Yours Will Do Nicely: Writing and the Pivotal Moment

In her first collection of short stories, "death is not an option" young American writer Suzanne Rivecca seems particularly adept at creating characters who find their way to pivotal moments.  Like her, they struggle with their Catholic upbringing.  They also struggle with what are poignantly contemporary struggles; with belonging, identity and self-image.  Near the end of the story Yours will do Nicely, the young female character confronts the recent act of lying to a man for whom she possessed a powerful attraction.  This man recognized her lies and discontinued their relationship.  At the same time, a male "best friend" is next door, seeking solace after she had read aloud from a sex magazine she had found in his apartment, while ostensibly helping him to move.

"It was then - sitting alone on the only remaining piece of furniture in Tom's apartment as he jerked off in his bedroom and those kids spun below me, suspended at the end of their long chains like marionettes - that I thought about, for the first time, how I'd lied to Jason.  And I'd known all along, but still the knowledge felt new, and stunning.  The palm-reader thing was true but none of the rest.  I was never anorexic.  Tactless strangers regularly asked me if I was; but I'd always been naturally skinny.  And all I could remember about Catholic school were the hymns and laughing with Rachel all the time and how an ancient priest said, "Just try to be nicer", when I confessed the sin of mocking some poor girl's hair.  The guy at the Rainbow Festival didn't try to rape me.  Maybe he would have, but I never went into his tent with him.  I would never have been that stupid.  And even though I knew these things weren't the exact truth, they were a variation of it, and they felt true as I wrote them down.  And they still felt like the truth - as if on some deeper, irreproachable level, those incidents hatched me like a newborn chick and I'd crawled from the wreckage of them with a bright new face.  They had to have happened, because if they hadn't, how could I explain the unhappy accident of myself?"
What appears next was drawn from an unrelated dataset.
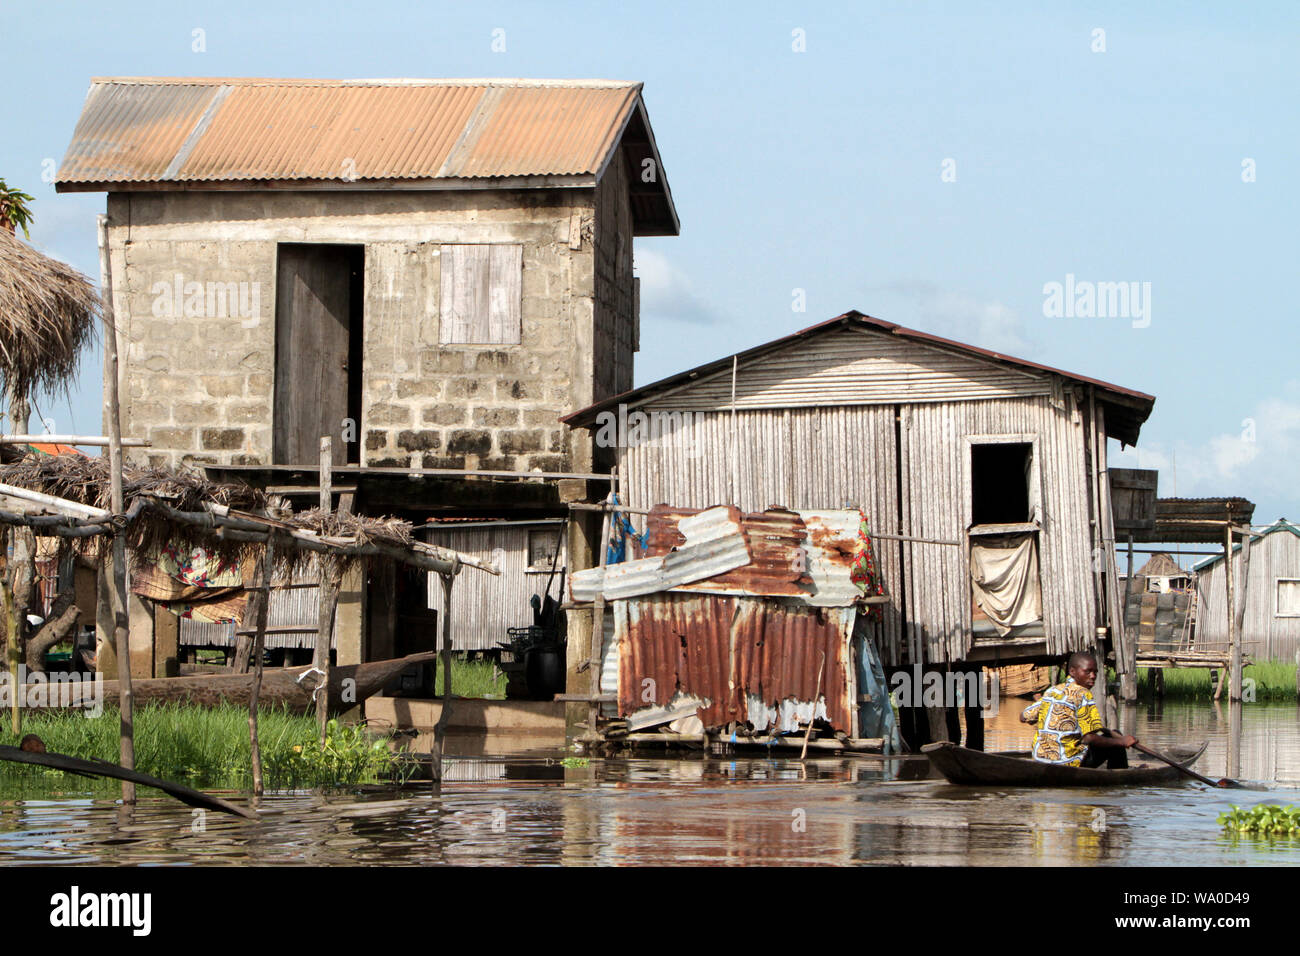 Maisons sur pilotis construites sur l'eau du lac Noukoué à 25 kilomètres au nord de Cotonou, capitale économique du pays. Ganvier. Bénin. Stock Photo

It's a pleasure to write these words down, to sense the deepening of experience here, meaning created through shifting connections, disconnections and reconnections.  We all know from hard experience in the trenches of therapy that change is neither linear nor straightforward, or at least we know that change like that never lasts or withstands the challenges of everyday life.  True change emerges like this, erratic and unsteady.  At first it sounds unreal and contradictory, until finally, if we can hold space, a new sense emerges, a deeper albeit less clear sense of things that can endure the challenges of life.  This new sense of being and interconnectedness with life is now flexible enough to allow us to navigate what Dan Siegel calls the river of awareness, which flows between the treacherous regions of rigidity and chaos.

In Part 3, I will complete this series, providing a clinical example related by Jim Duvall in the Hincks-Dellcrest workshop.

Take some time again to reflect on your own experiences, when - in a pivotal moment - a new vista opened up before you, and you walked away with a more mature, less simplified, less rigid or less defensive attitude towards life.




"Their eyes are opened. They are beginning to make out the boundless simplicity of things. And Truth not only invests them with a dawn of hope, but raises on it a renewal of strength and courage." Henri Barbusse, Under Fire.